Re: Using LIB$BBSSI and BBCCI for locking

John McL · ‎05-05-2009

Hoff, John

I have to say that I like these forums for the input from multiple sources and the speed of response but they're not great from a "business security" aspect and I don't want to go into too many specifics about the applications.

This consideration of locking is just one of several avenues that I'm looking at regards performance. We'll go from Alpha to IA64 one day but going there with highly efficient code makes good sense.

Hoff, the application and its data files are just too big to load into memory. We did consider installing images /RESIDENT but that comes with its own set of problems (e.g. replacing them, memory fragmentation).

You both talk of ensuring that a resource name is recognised as unique to a node when we want the locking to really only apply locally. Do I understand you to mean that all the activity for the lock for the resource in question is seen by Lock Manager to be only on one node and therefore that the sending of data between nodes for this lock is very minor?

This could be something worth checking and if code modifications are required they should be minor.

Hein van den Heuvel · ‎05-05-2009

John,

It sounds like the lock activity you intend to target is just a fraction of the real lock volume.

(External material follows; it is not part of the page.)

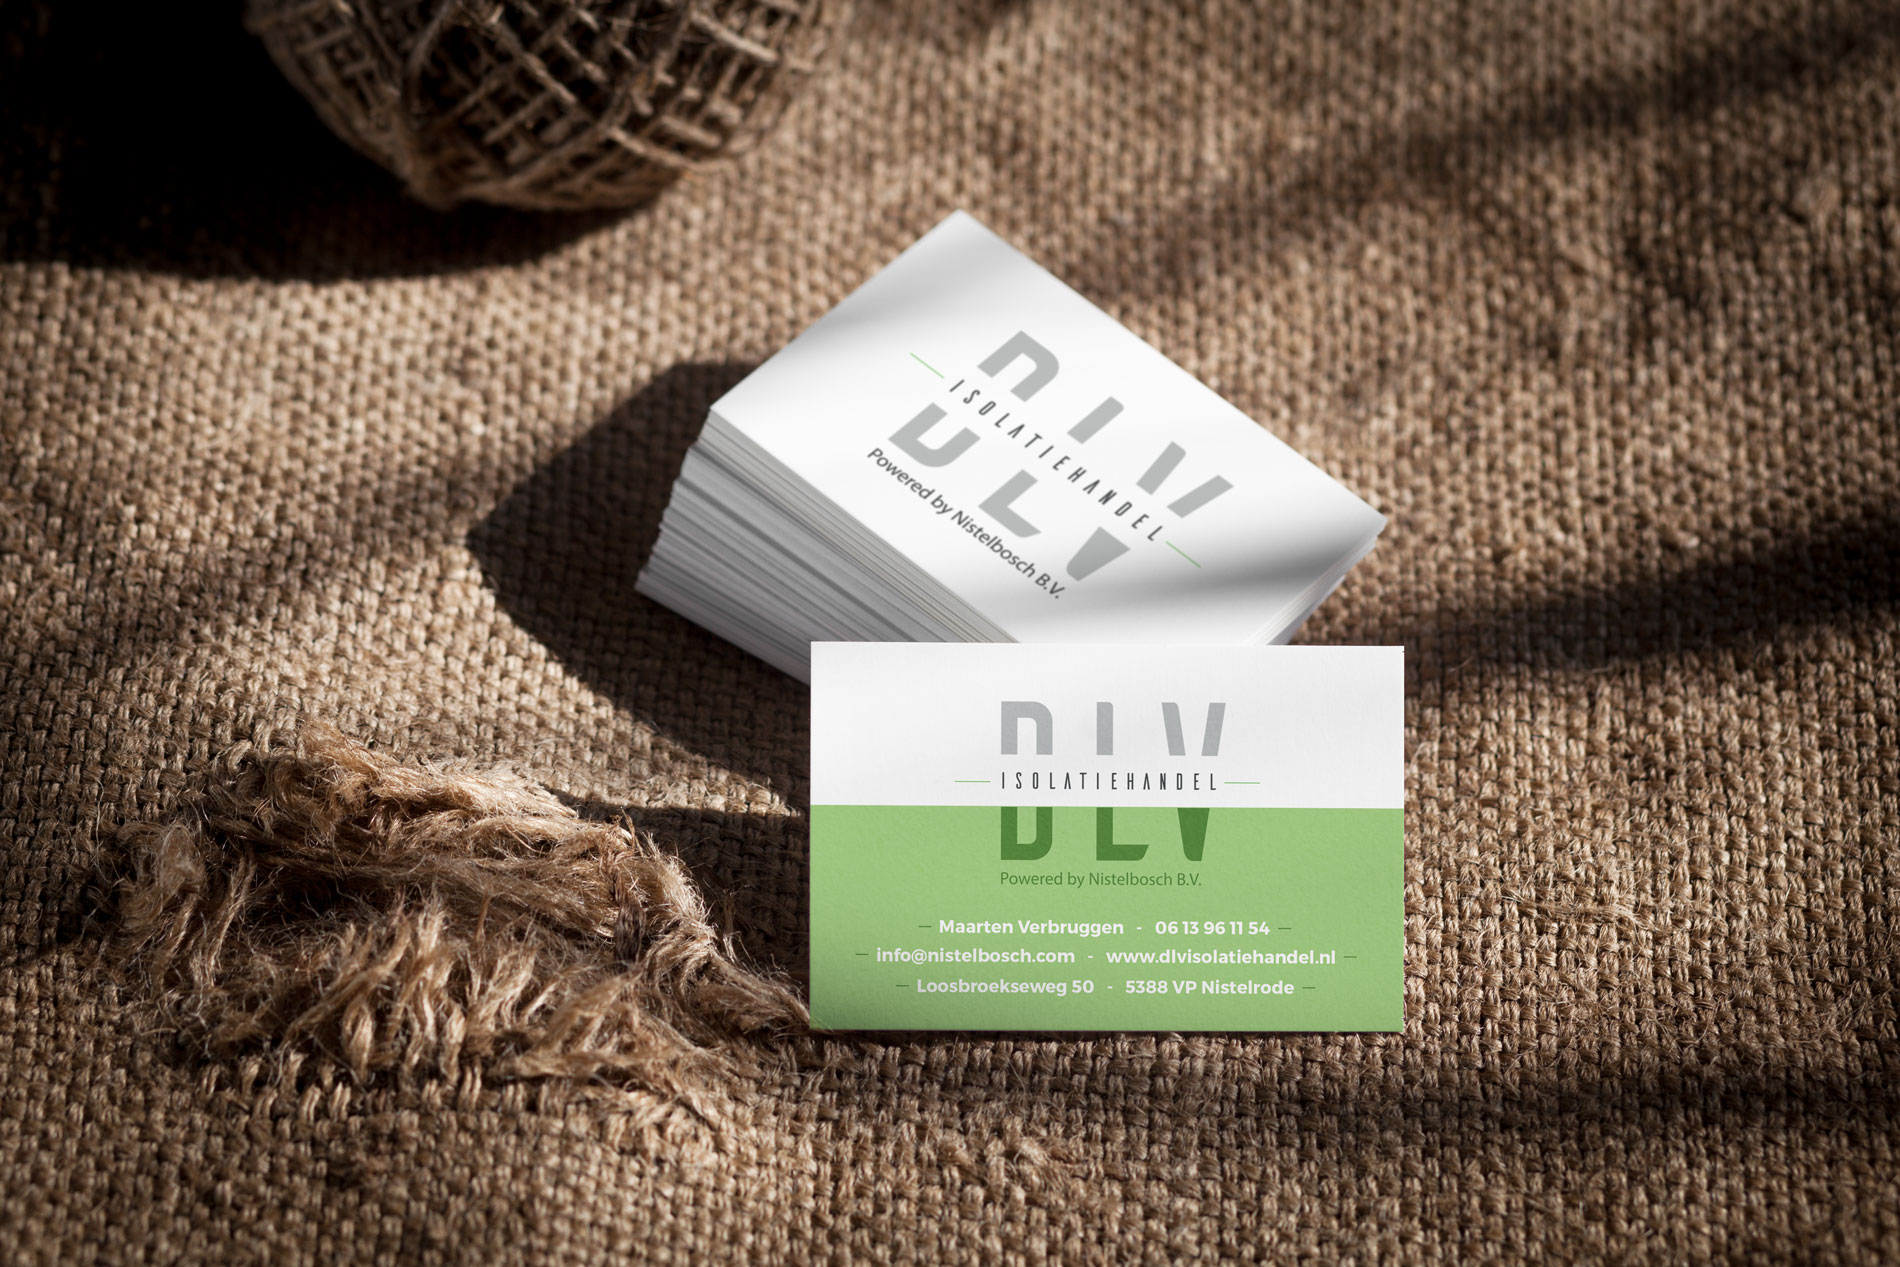 dlv-isolatiehandel-business-cards

50,000 locks per seconds is piddly... for a GS1280 with Ghz CPU's. A 300 Mhz 4-CPU ES40 on the otherhand might be stressed by it.

What is the box? How many CPUs/How fast?
Are you using a dedicated lock manager already?

What OpenVMS version?

Did you check with ANALYZE/SYSTEM and SYS$EXAMPLE:SPL.COM where MPSYNC time might be burned for real rather than speculating?

What are those batchjobs doing? RMS? Indexed files or scanning though sequential files? Oracle? Do they compete for shared resources?

IMHO You need to dive a lot deeper into figuring out what the problem is befor contemplating on a solution.
Unless you know a lot more than you are letting on so far, this LIB$BBSSI stuff sounds like a fun but random approach. So far it sounds much like a suggestion to 2 Platinum tipped sparkplugs in a car to make it run faster... without knowing how many cylinders there are. But hey, Platinum is some mighty fine raw material. That oughta help!

Grins,
Hein van den Heuvel ( at gmail dot com )
HvdH Performance Consulting

John McL · ‎05-05-2009

Thanks Hein, I'll come back to your comments later. For now though, a question or two to John and Hoff.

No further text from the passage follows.